→ Problem details
For the material below, return exactly the lines starting at the one holding "Neewer Carbon Fiber" and ending at the one holding "Study: Efficacy and Safety", counting both as part of the range.

→ Records for the task
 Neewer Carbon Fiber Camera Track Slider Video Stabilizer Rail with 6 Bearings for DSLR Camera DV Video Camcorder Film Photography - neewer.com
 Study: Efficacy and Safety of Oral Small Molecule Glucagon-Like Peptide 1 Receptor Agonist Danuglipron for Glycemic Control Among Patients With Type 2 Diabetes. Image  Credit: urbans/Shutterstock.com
...
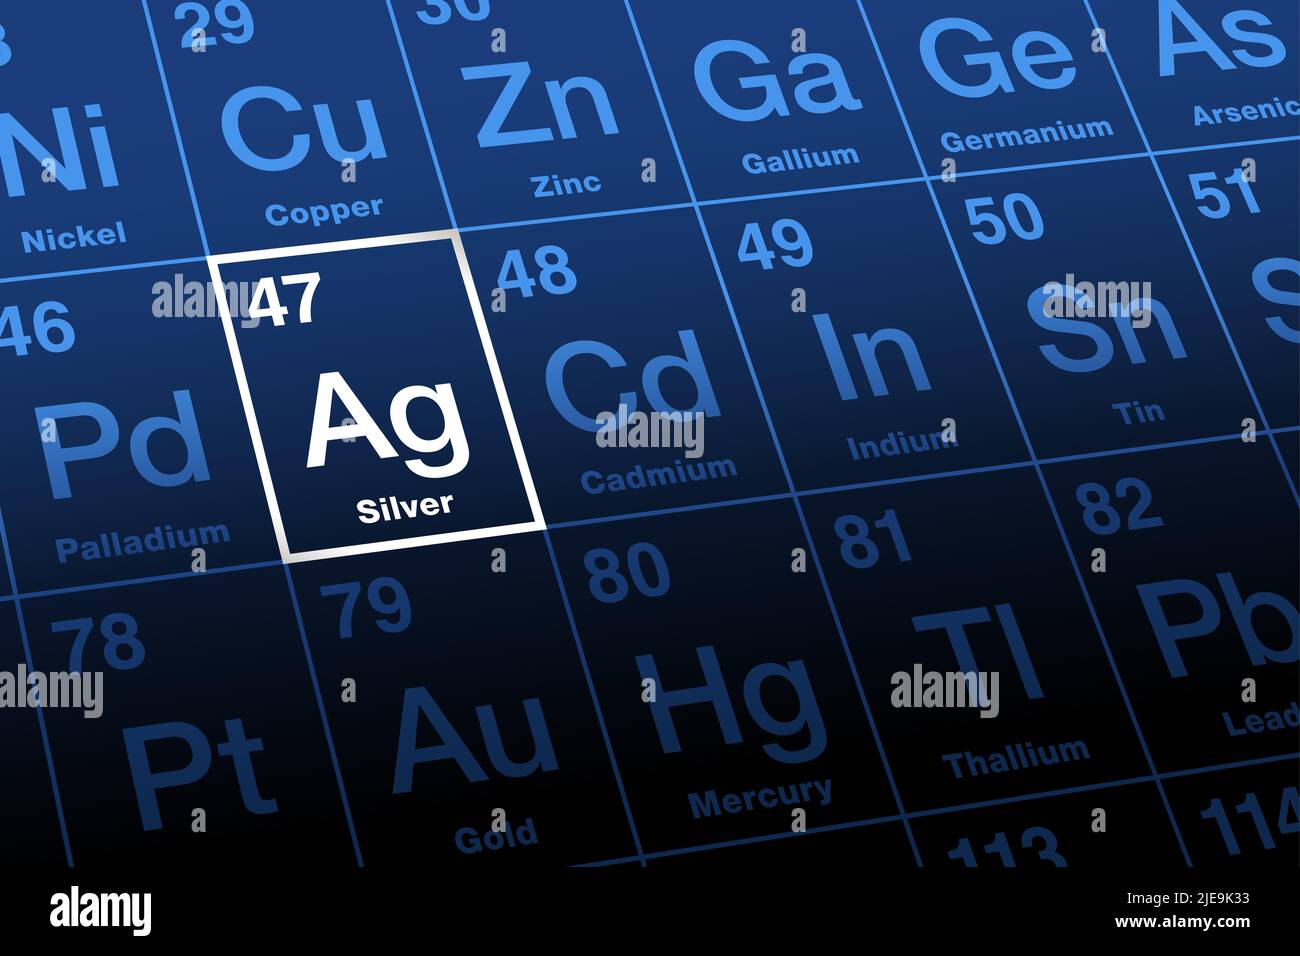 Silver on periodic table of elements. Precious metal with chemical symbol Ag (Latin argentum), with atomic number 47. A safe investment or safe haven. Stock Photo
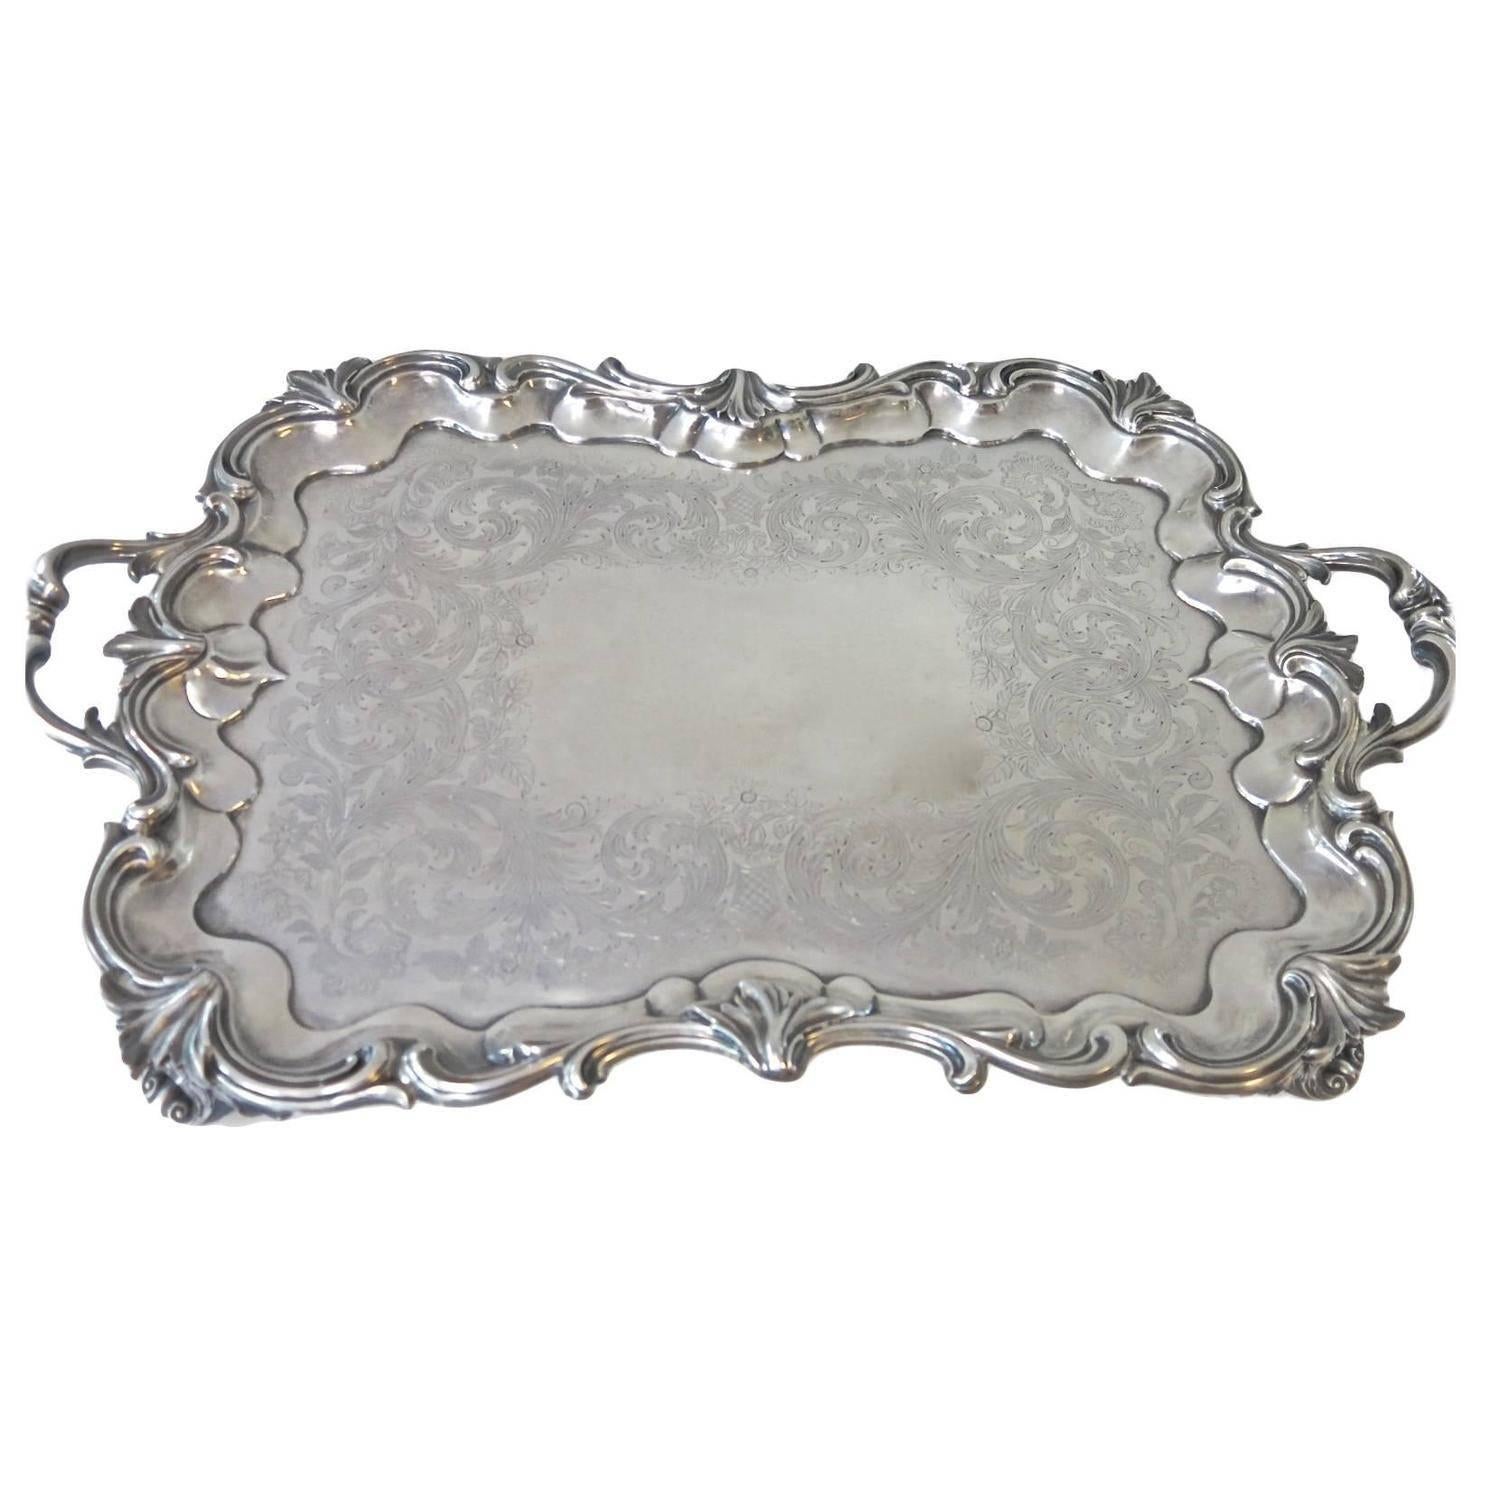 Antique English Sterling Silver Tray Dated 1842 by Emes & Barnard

→ The completed task
 Neewer Carbon Fiber Camera Track Slider Video Stabilizer Rail with 6 Bearings for DSLR Camera DV Video Camcorder Film Photography - neewer.com
 Study: Efficacy and Safety of Oral Small Molecule Glucagon-Like Peptide 1 Receptor Agonist Danuglipron for Glycemic Control Among Patients With Type 2 Diabetes. Image  Credit: urbans/Shutterstock.com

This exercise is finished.